Here, full-text search and/or keyword search are the basic information processing of natural language processing.

In processes of the full-text search, a keyword (a character or a character string as a key of “search,” “retrieve,” “information,” or the like) is given as a search condition, the character or character string is searched to determine whether or not it is included in documents and the like, and data of the documents and the like including the keyword are identified.

CPUs and/or GPUs, which are conventional processors, are generally not good at processing of finding information such as in search or the like, and attempting to read and search all document data without headings (indexes) requires a long time.

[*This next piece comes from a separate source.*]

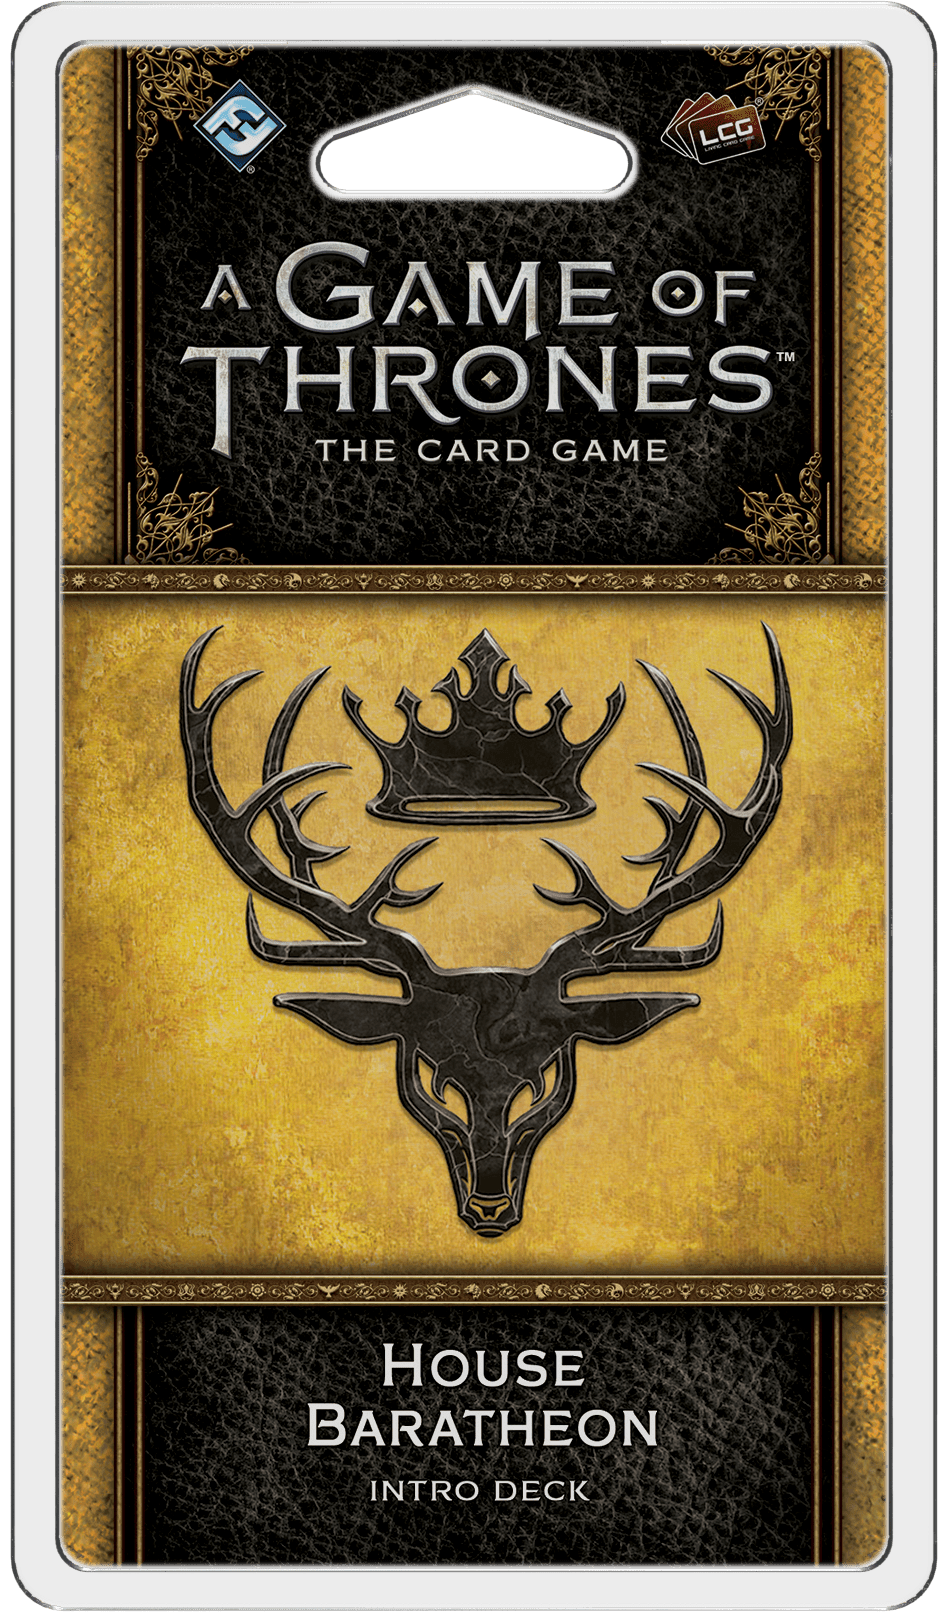 A Game of Thrones: The Card Game (Second Edition) – House Baratheon Intro Deck

For this reason, usually, a method is used, wherein indexes called inverted indexes are created in advance, and these inverted indexes are utilized to speed up a retrieval, and this is the only method for speeding up retrieval.

Here, inverted indexes are generally created by using dictionary terms as headings (indexes) and/or by using character strings called N-grams as headings (indexes).

When dictionary terms are used as indexes, it is easy to detect words (terms) in English because of the scheme for creating text with a space separating each word (term), which is the so-called “split-writing” system, but in the case of Japanese and Chinese, this “split-writing” system is inapplicable.

Therefore, in the case of Japanese, a complicated method called morphological analysis is employed, which method isolates words (terms) according to the Japanese grammar.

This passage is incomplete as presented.